The Consumer Rights Act 2015 applies a test of unfairness to conditions precedent (but arguably not to exclusion clauses). Under the Act, a term is unfair if, contrary to the requirement of good faith, it causes a significant imbalance in the parties’ rights and obligations to the detriment of the consumer. For example, in Bankers Insurance v South (2004) Lloyds Rep IR 1 a travel policy contained various conditions precedent such as requirements to forward to insurers immediately upon receipt every writ, summons, legal process or other communication in connection with the claim. The insured failed to adhere to various of these conditions. Buckley J held that insofar as the conditions prevented recovery irrespective of the seriousness of the breach or the lack of prejudice they were unfair within the meaning of the Unfair Terms in Consumer Contract Regulations 1994.
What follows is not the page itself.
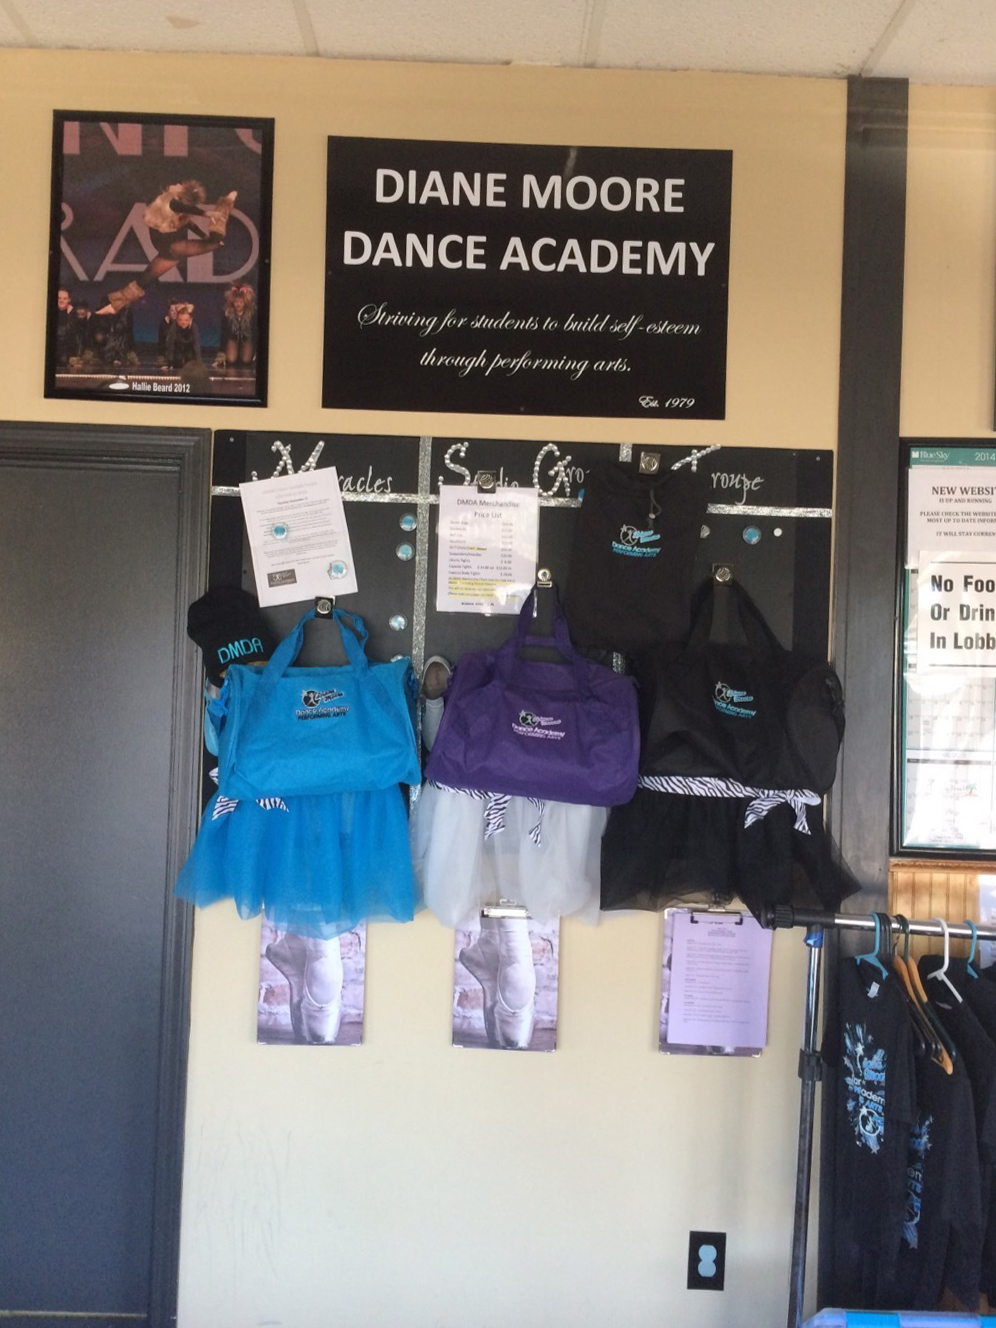 Diane Moore Dance Academy image 4

However, more recently in Parker v National Farmers Union (2012) EWHC 2156 Teare J distinguished Bankers South on the basis that, in the modern era, the Insurance Conduct of Business Sourcebook (ICOBS) provides that insurers must not unreasonably reject a claim. In circumstances where it is arguable that they have, the insured can make a complaint to the Financial Ombudsman Service which can require the insurer to accept the insured’s claim based on the opinion of the ombudsman as to what is fair and reasonable. Accordingly, irrespective of the black-letter of the policy, it is ultimately the ‘reasonableness’ of the insurer’s actions which becomes the touchstone of the insurer’s liability to pay under a consumer insurance policy.
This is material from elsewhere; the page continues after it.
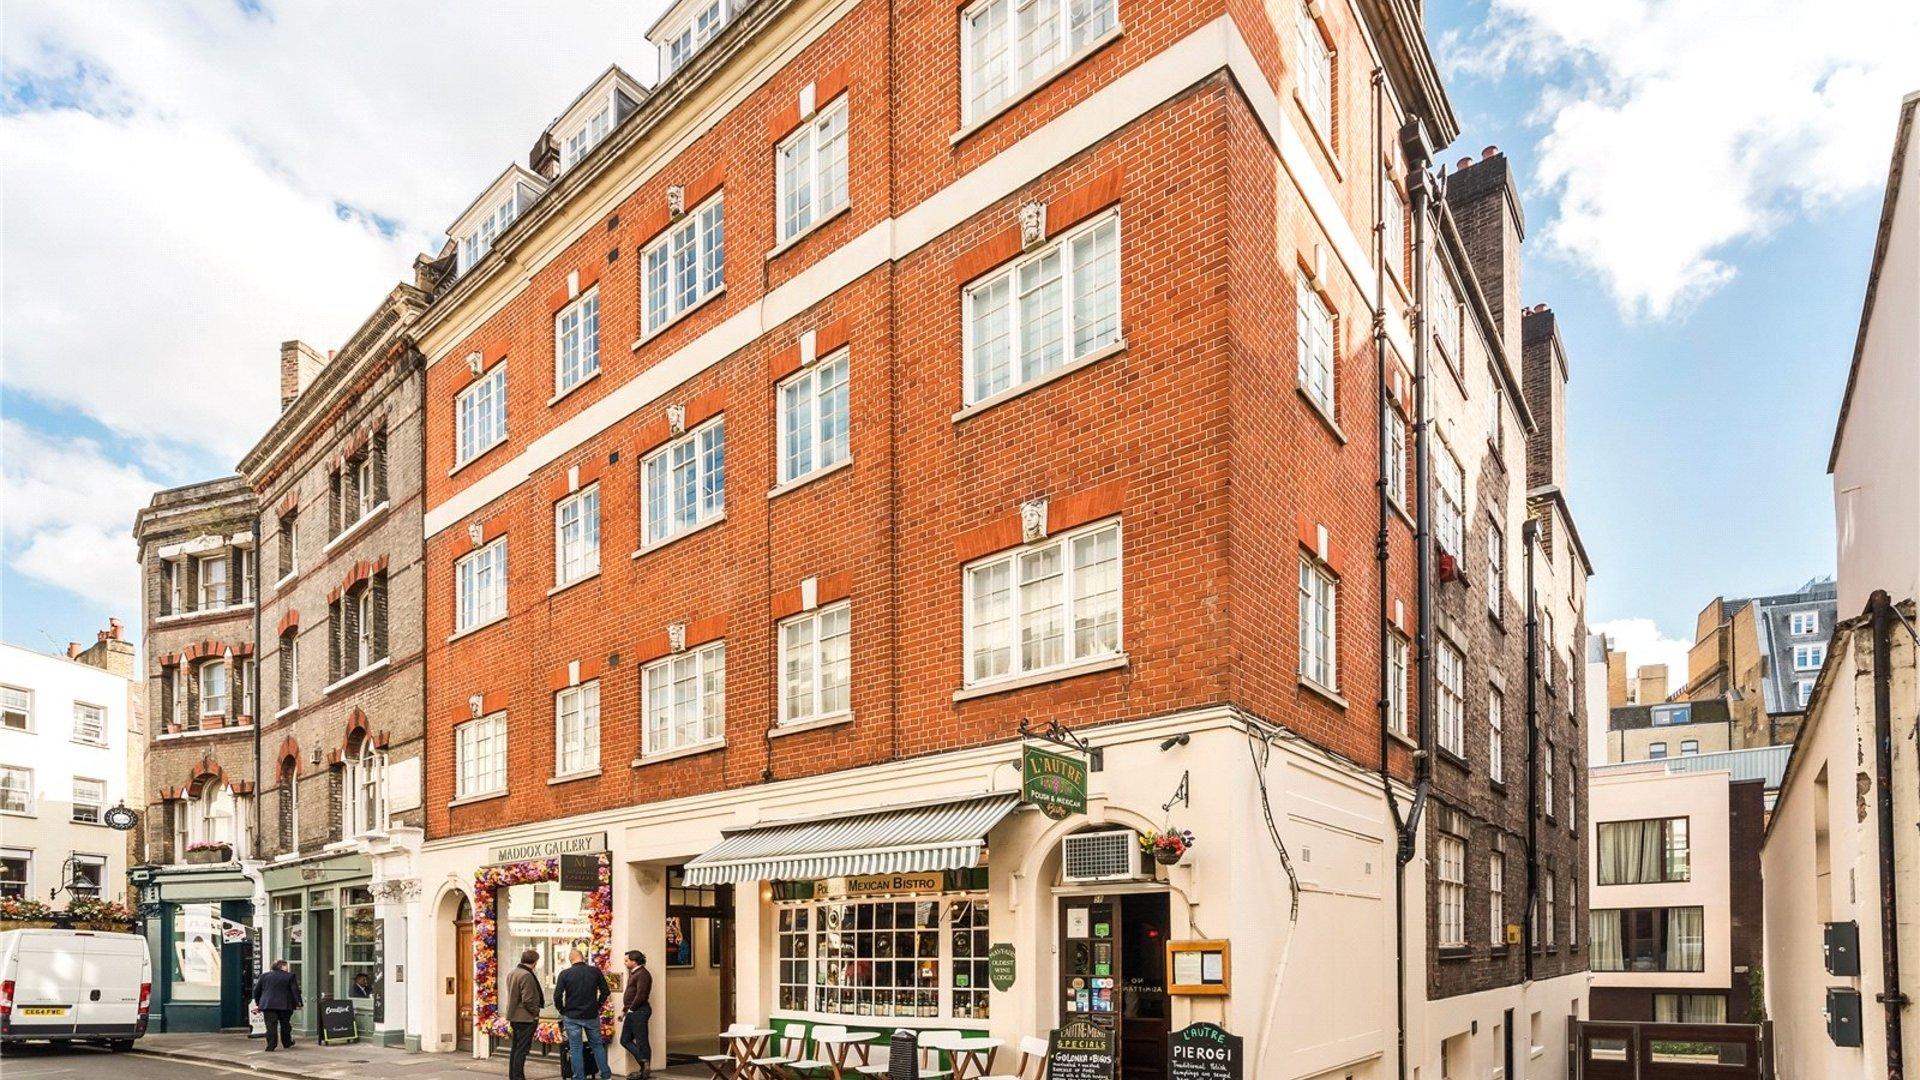 Shepherd Street, Mayfair

This ultimately brings us back to the observations at the outset of this article, namely that in the context of travel insurance, there are good practical reasons for a consumer to seek a remedy, in the first instance, from the service provider, which will often (although not always) be subject to statutory obligations to reimburse monies within a short period of time and may well have the benefit of its own insurance and bonding through the ATOL scheme. When Travel insurance is viewed in this context, namely as an adjunct to a comprehensive pre-existing regulatory regime, there will be strong arguments that cancellation or curtailment cover limited to ‘irrecoverable loss’ is ‘reasonable’, particularly if all that is required of the consumer/insured is to make a request to (rather than pursue a claim against) the supplier. Plainly, if insurers were required in every case to accept a claim where there was already a clear accrued right to reimbursement against the service provider, and instead fall back on a subrogated claim to enforce the insured’s remedy, it is likely that the considerable additional cost would be reflected in a sizeable increase in premiums, to the detriment of the very same persons who the regulations and the ombudsman service are intended to protect.